Stas Polyakov, an independent creative director, on how Gogol Center and Stratos found each other.
The brief
My most favourite brief, always freaks me out whenever I get it: you need to create a user-friendly site, but also with a strong personality. The trick is that in terms of strong personality all we have is a logo and our theatre playbill. The playbills didn’t have any integral graphic language, each show had its very own mood and style.
The initial effort was like this: why not start with addressing the logo, let’s say, taking lines and circles. The Gogol Center had already been engaged in an attempt like that — they had this more or less typical and classic theatre website, where the authors tried to play around with corners, Bauhaus-ish kind of way. Since this idea was used many years ago, we had no intention to repeat ourselves. The team quickly came up with two sketches of this kind, but it immediately became clear to each one of us that we would have to take a different path.
The Bauhaus-ish kind of way
And this was a long quest. I have interviewed several people who go to the theatre occasionally or frequently. Apparently, a large proportion of playgoers perceive theatre not as a continuous delivery genre, but rather as a collection of performances. People don’t choose a certain show, like ‘since I’m free tonight, I would go to a performance’. It is quite the opposite, actually, since they do a bit of research on what is on now, ‘which performances I might possible like, what would be worth spending my evening on?’ Judging by my small sample, very few people actually make their choice with the use of aggregators. Mostly, it is a certain number of theatres a person typically prefers going to — and so they go to these sites, launch a bunch of tabs and start to pick what she/he likes.
The problem is that those platforms tend to have a long-present, established site architecture — branchy tree structure, with a load of non-obvious sections and subsections. For the most part, it caters the needs of what the theatre itself considers important: to offer as much information on its concept and history as possible, to highlight essential and/or relevant names of actors and directors, and — as if it really was the most crucial thing! — news on the website. We argue that a substantial proportion of site visitors are unfamiliar with those details, which is why this information has to be provided in moderation and incrementally — you should start with the essential, gradually moving towards the lyrical part of what you are going to share.

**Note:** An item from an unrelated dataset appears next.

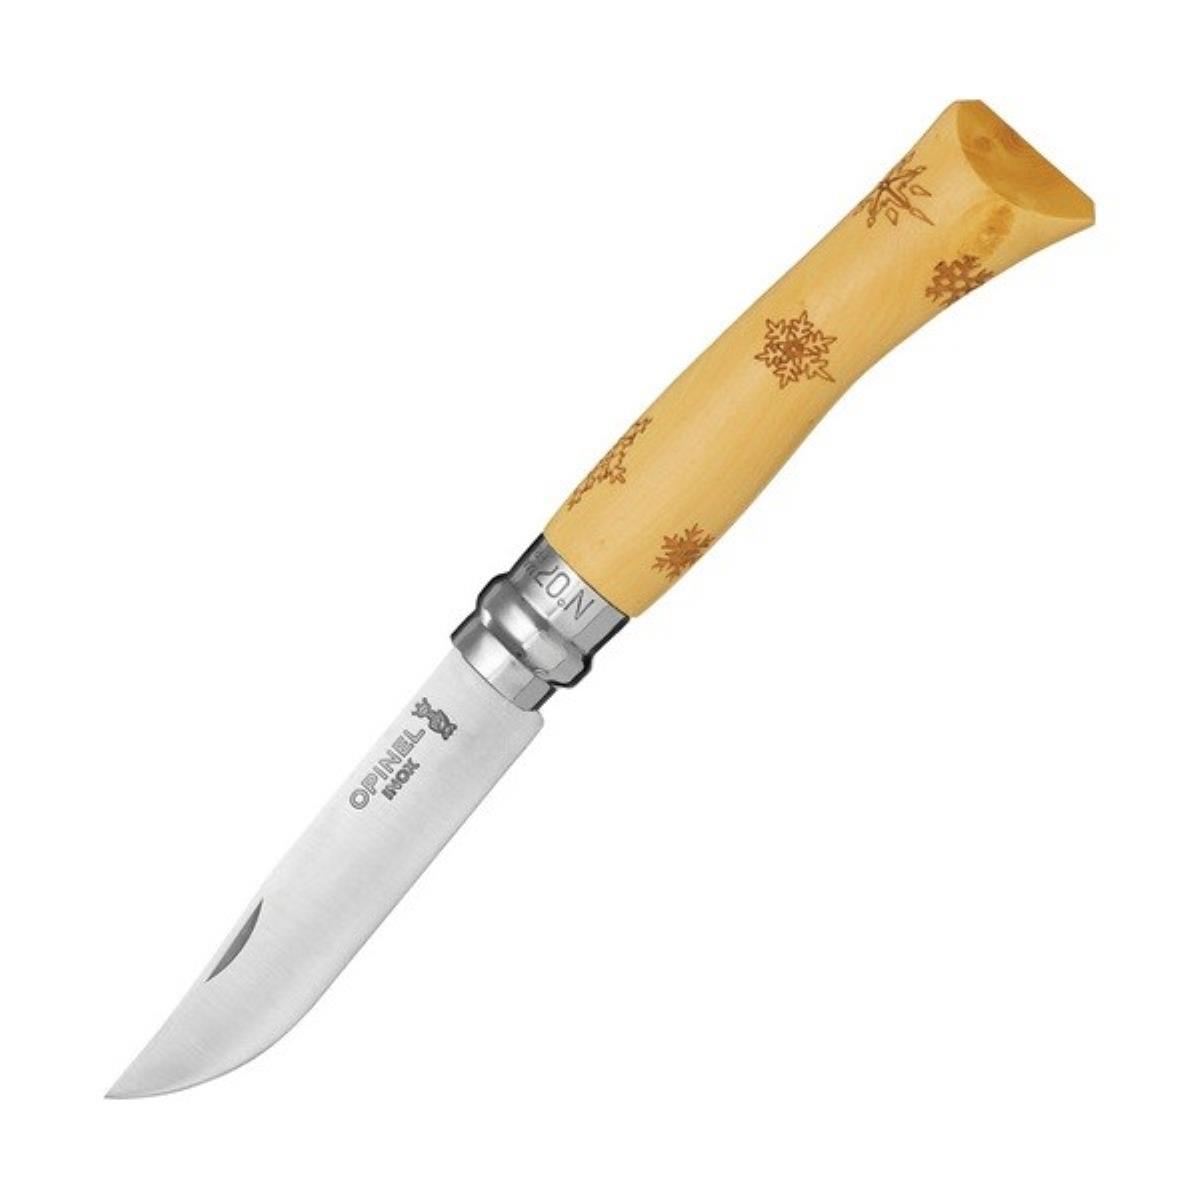 Нож №7 VRI Nature-Snow (снежинки) нержавеющая сталь, рукоять самшит, длина клинка 8см OPINEL brit premium by nature консервы для собак 850 гр

You need to provide more of what helps make a choice.
Then we bring in the central idea of the Gogol Center, which is freedom and avant-garde. Well, just picture yourself that we take the main Russian theatres and lay them out in matrix. There are some very serious, academic ones; there are theatres that used to be the so-called new school but now have already become somewhat casual, — and then there are these extremely eccentric, quirky theatres. Our Gogol Center is located somewhere near the latter. Avant-garde, but only slightly peculiar. Fresh and fancy, it is ranked among the top three who set the tone and the pace for everyone else. Why don’t just break down the traditional site architecture and rebuild it the way it should be in the modern world. Never short on what is key for the theatre — and at the same time for the benefit of visitors.
We wanted to determine the three most important things people need. First of all, you would want to check our showbill — it is what about 90 percent of users come to the site for. You want to find out what is on in the short run, figure out whether it might resonate with you personally, just how interesting it might appear to you, or simply whether you have already seen this performance or not. There are people who go virtually to one single theatre, and those normally want to know the date of their favourite play, or perhaps check if there are new productions to expect.

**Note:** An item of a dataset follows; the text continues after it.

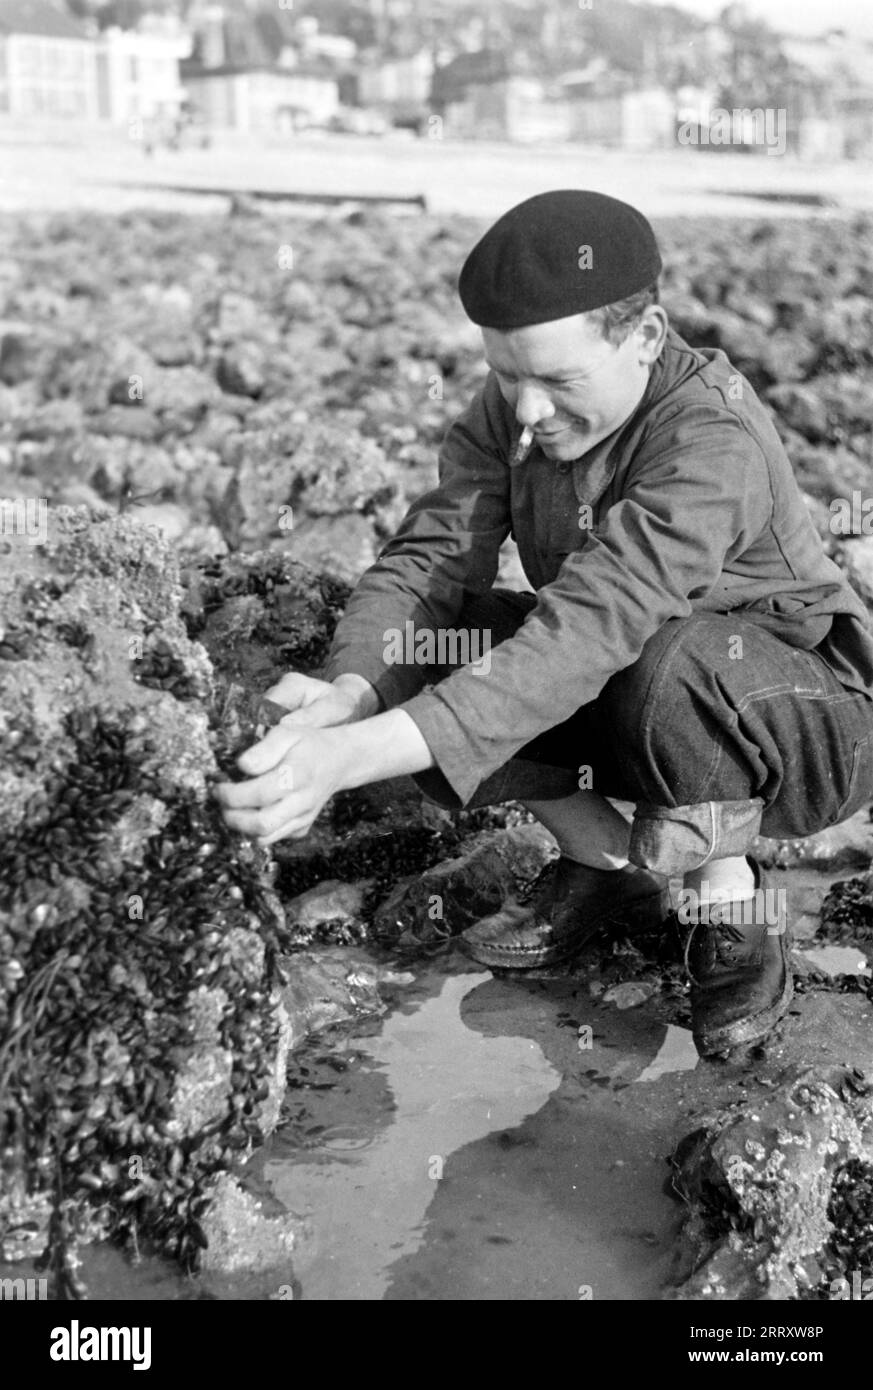 Muschelernter am Strand von le Havre, 1940. Raccoglitrice di conchiglie sulla spiaggia di le Havre, 1940. Foto Stock

The second thing is everything that has to do with usability and convenience for the audience. Starting from the presentation of the theatre, then followed by some specific conveniences, such as phone charging stations, coffee spot, closing time, directions, return policy, and so on. Some sort of extensive guidance to help you solve a whole range of issues. For some reason, this info is often thinly spread across the whole site, and it takes a while to find what you need.

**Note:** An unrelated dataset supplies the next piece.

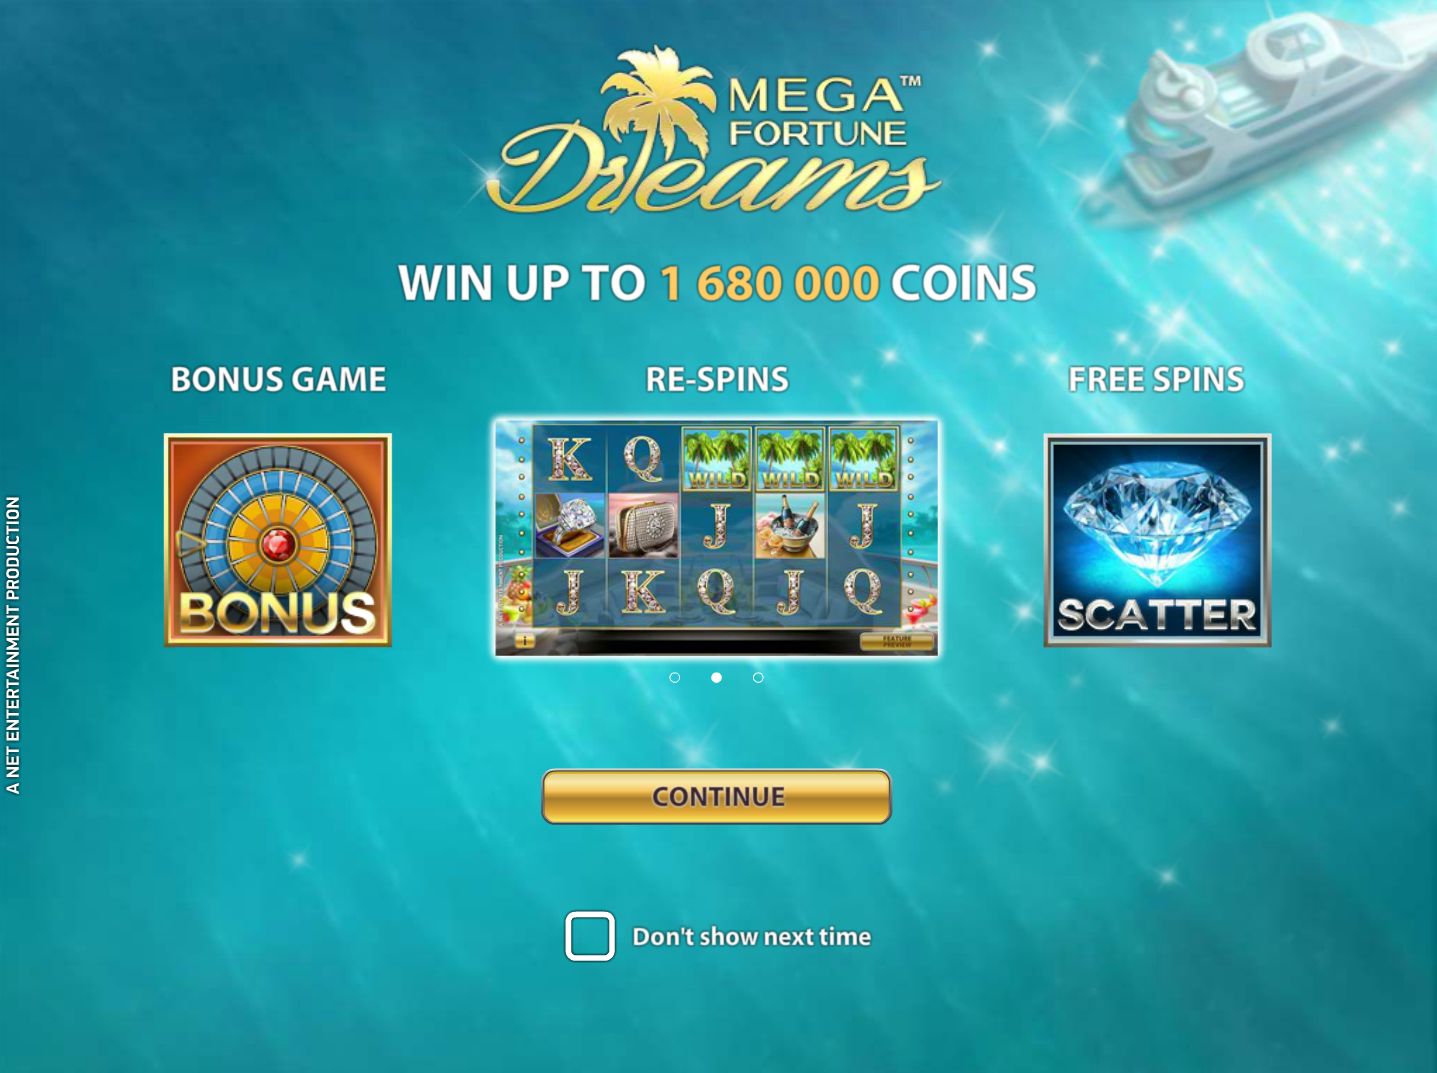 Mega Fortune Dreams Online Slot Game

The third essential in question is about ‘we’, and it relates to both parties. While one is very concerned in terms of presenting the company in a most favorable light, the other consists of people who, after seeing a certain production, think something like ‘Oh, this one is a really great actor! Is the guy acting in some other plays? Who is he anyway? I would like to learn more about him’. And it happens that this person wouldn’t even remember the exact name — all they know is a certain stage persona, his dramatic character.
Menu on the site’s final version
While I was doing my research on all of this, I understood that there was an obvious pattern of interaction that was hardly covered by the majority of theatres — mobile experience. It turned out that quite a lot of people (as is the case with air tickets) still don’t make such kind of purchases from their mobile phones. The mobile share is already perceptible, but still not 100 percent. A playgoer can choose a ticket to the theatre using their phone, but then they still get on the computer and purchases the ticket from there — since it is an important process, a large thing to do. Plus, it is not really convenient to look through different pieces, compare them quickly, and see where exactly it is you want to go.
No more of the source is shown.